As we navigate the economic consequences of the Biden administration, it's critical to unpack the impact of what is now being referred to as 'Bidenomics'. For those unfamiliar with the term, Bidenomics refers to the economic policies pursued by President Joe Biden, encompassing measures such as increased government spending and borrowing.
The record spending/borrowing binge under Bidenomics has made notable waves in the US economy. It's not just that the government's coffers are being drained; it's the repercussions this fiscal approach has on everyday Americans that's truly disconcerting.
To comprehend the situation, we need to turn our attention to the relationship between increased government borrowing and interest rates. As the government borrows more, it sells more Treasury bonds. These bonds compete with other forms of debt for investors' attention, like corporate bonds and consumer loans. To attract investors, interest rates on all forms of debt must rise. And so, a spike in government borrowing can lead to a spike in interest rates.
This has, indeed, been the reality under Bidenomics. The Board of Governors of the Federal Reserve System has reported a significant uptick in interest rates recently, which they attribute, at least in part, to increased government borrowing.
This rise in interest rates affects all Americans who borrow money - for their homes, cars, education, or credit card expenses. And it also impacts corporations, who borrow to invest and grow their businesses. However, corporations often pass along these additional costs to consumers in the form of higher prices for goods and services.

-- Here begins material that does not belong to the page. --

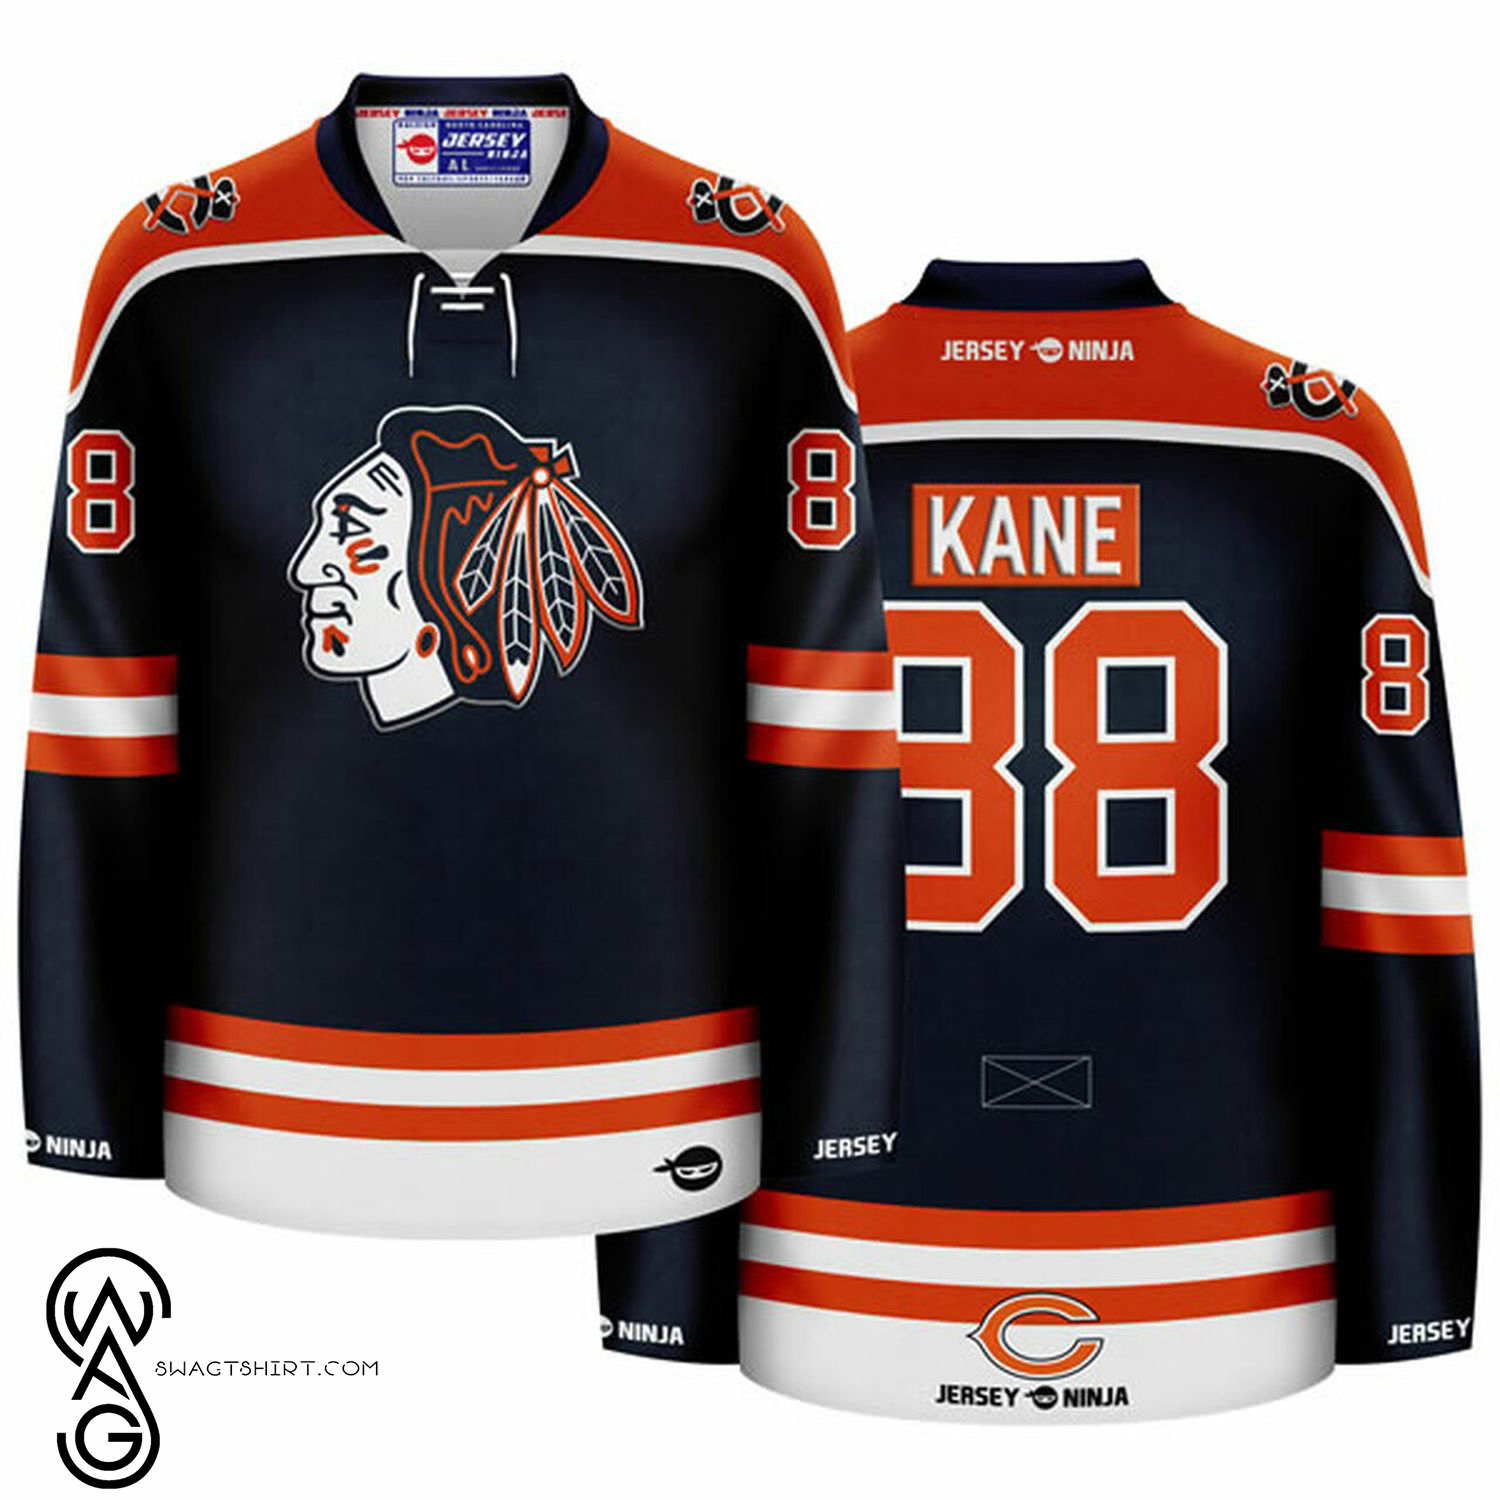 The warm-up jersey for Patrick Kane of the Chicago Blackhawks is

Unfortunately, the burden of these higher borrowing costs is not equally distributed. Lower-income Americans, who are more likely to carry debt and less able to absorb the increase in the cost of goods and services, feel the pinch more than most. In effect, the rise in interest rates acts as a regressive tax, hitting the less well-off hardest. This is an unseen, yet very real, Biden tax on lower-income Americans.
While it's critical to invest in our nation's future, it's equally important to consider who bears the brunt of the financing. The unseen tax of higher borrowing costs is a direct consequence of Bidenomics, and it's a burden disproportionately carried by those least able to bear it.
We need policies that promote economic growth and shared prosperity, not those that increase the divide between the rich and poor. The impacts of Bidenomics underline the need for a balanced, sustainable approach to fiscal policy.
Jim Pruden, thank you for bringing this to our attention.